Personal finance fail haha. I guess they thought that your contributions would disappear or something as an attending.
Then I see people that have 400,000 of debt, are older, non-traditional residents with 1,000+ dollar watches and 35,000 cars that they are leasing. Crazy.
I graduated from an out of state med school in 2010, total med school loans: 240, no debt from undergrad.
Started IBR while a resident
I’m 1.5 years out of training and making 480. I’m maxing out retirement accounts, funding back door roths, etc.
My student loans have grown to 290 (6.8%) and I have a 260 mortgage (3.8%).
I’m 5 years into PSLF but I’m kind of expecting the program to go away or dramatically change before I can use it.
My strategy is to save enough so that if PSLF doesn’t work, I’ll have enough to just pay off the loans.
If I do have my loans forgiven, I’ll have enough to pay off the remainder of my mortgage. Best case scenario would be debt free in 4 years.
Great job!
Very nice:) With that kind of salary you have nothing to worry about;) Even if you don’t get the advantage of the PSLF, you’ll have a mortgage at only 3.8% which is likely going to seem really low in the coming years as fed interest rates rise. And you’ll still be getting the tax deduction of that interest you pay each year as well. So, this is all a win win scenario for you as long as you save as you say you will.
Do you mind answering What specialty and which practice setting?
Jim,
I’m going to take offense here — you stole my ratio talk that I give to residents! (j/k, great minds as always).
I gave a talk at ICEP where I talked about this rule of thumb. https://icepblog.org/2014/09/25/the-house-i-will-never-live-in-managing-student-debt/
I think it’s a really great way for residents and new docs to think about their debt issue. I have residents I’ve worked with who have $400k between them and spouse but they’re both high earners who could easily pull $500k. When I hear about a peds resident w/ $300k+ taking a primary care job for <$100k (wish I was kidding) I just shudder. You're right, the math doesn't work out.
MJP
I have very few original ideas. I don’t recall purposely stealing that one though.
i hope it was really clear that i was kidding!
My multiple is high because of my mortgage
Grad in ’06, 250K in loan debt down to 170 now. Good news is it’s mostly 2.875%, payments $700/mo.
Think I can make 480 for foreseeable future and hoping to save 50 in a SEP IRA. Still worth it to do a backdoor Roth for 5500/yr? Can’t decide.
The killer is the house w 1.65M mortgage. Rate is 3.6, but payments are obviously high at $7500/month and leave me at a 3.8-4X. This is what it takes to avoid private schools in my area.
Practice “loan” is interest-free 24K/yr for 4 years. I could start paying down my student loan debt after that is done and go to the mortgage after that.
Should I be more aggressive towards retirement, including non-retirement accounts and additional retirement accounts or focus more on debt? With low rates on my loans I plan on saving more rather than paying off debt at a faster rate than above.
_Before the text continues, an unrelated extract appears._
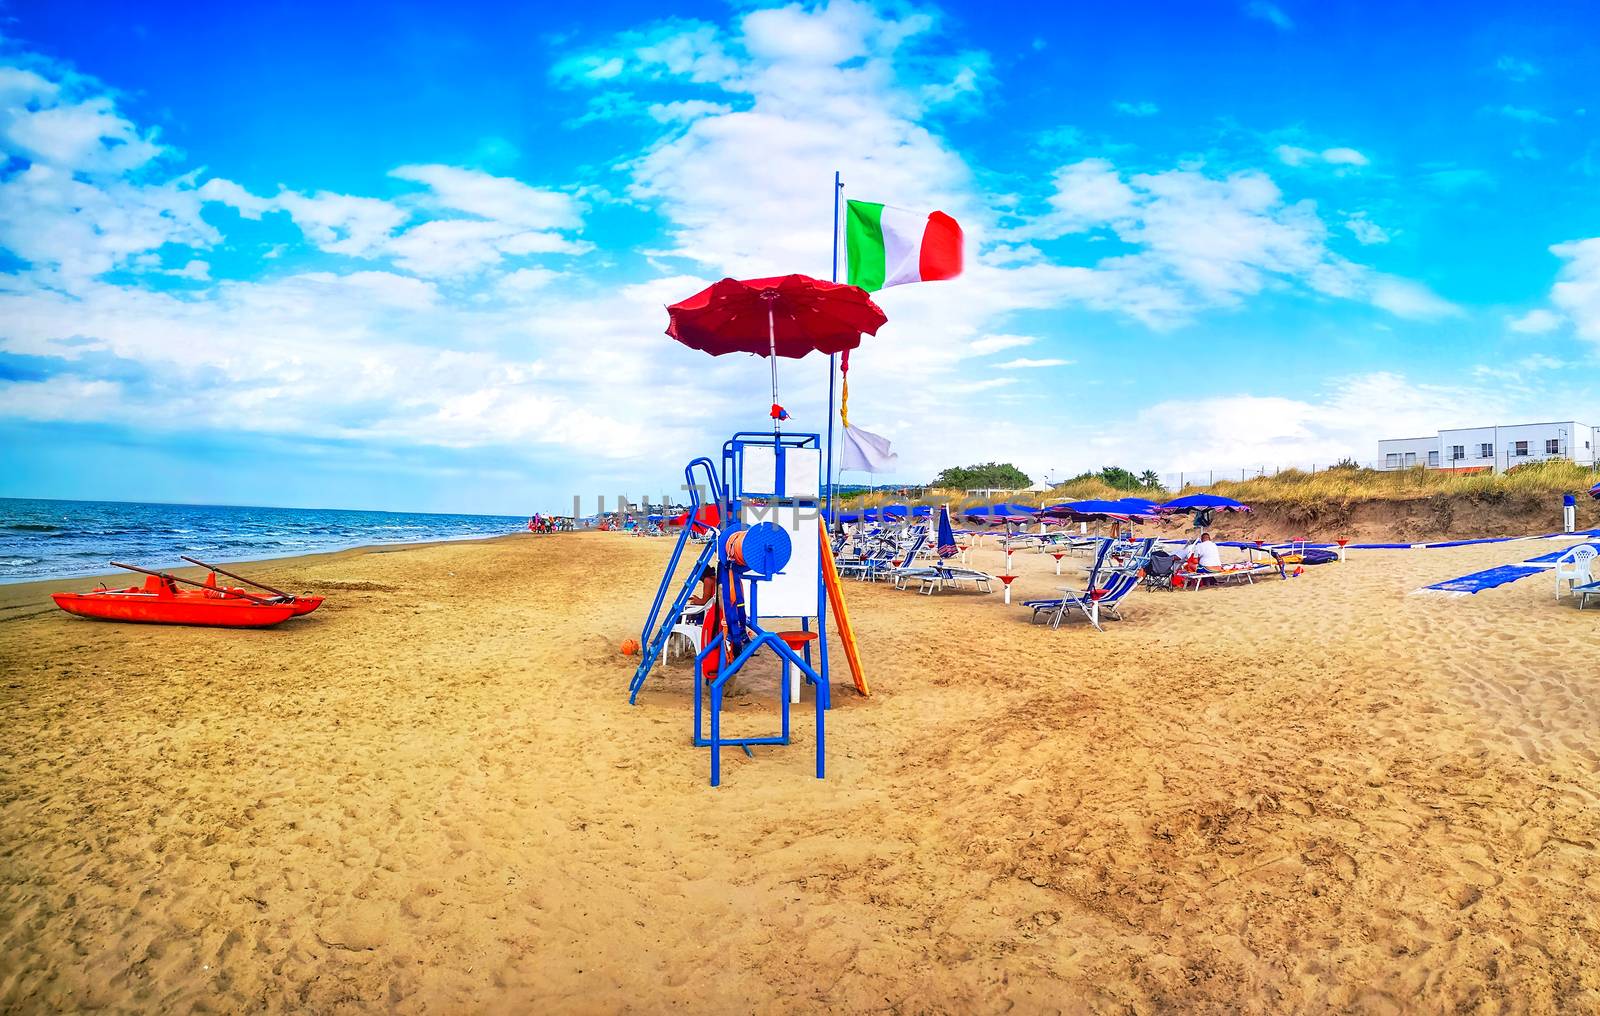 italian beach italy flag lifeguard station .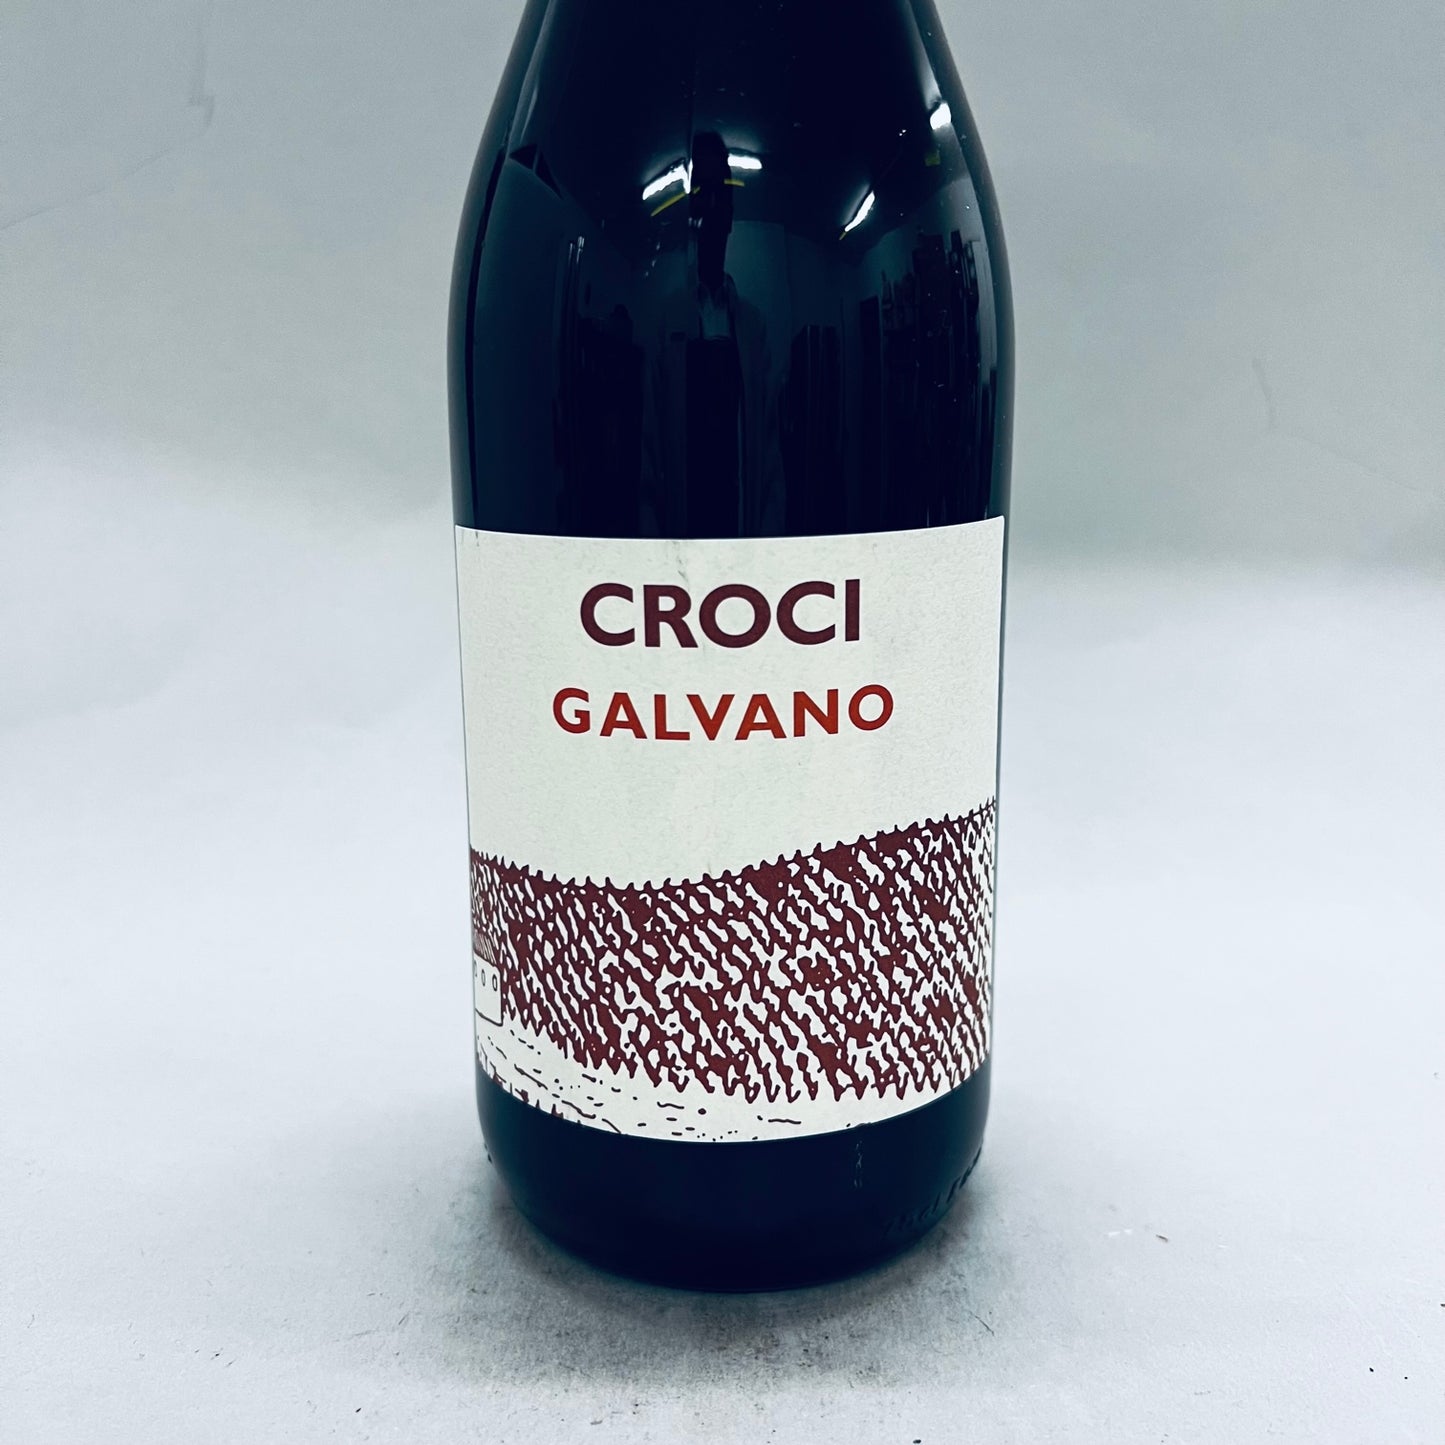 2019 Croci Galvano

Let me be super blunt here:
You are 10+ years out. You still have all three kinds of :”good” debt- student loans, mortgage, and practice loan. Your total loan burden is still about 4X your impressive income. You are basically an example for those younger than you of what not to do if you want to be moving toward financial independence. I would have hoped that 10+ years out you would have gotten rid of two of those debts completely and be rapidly moving your mortgage toward something like 1X your gross income.
I agree the killer is the massive mortgage. It’s still well over 3X all by itself. I assume you’re in the Bay Area or Manhattan or something. But I’m not convinced that you fully realize what having a mortgage like that means for the rest of your financial life.
The bigger problem is your attitude toward debt– i.e. that’s it’s okay, everyone does it, it’s “good debt,” it’s “something to be managed, not eliminated,” “the interest rates are low so it’s okay” etc.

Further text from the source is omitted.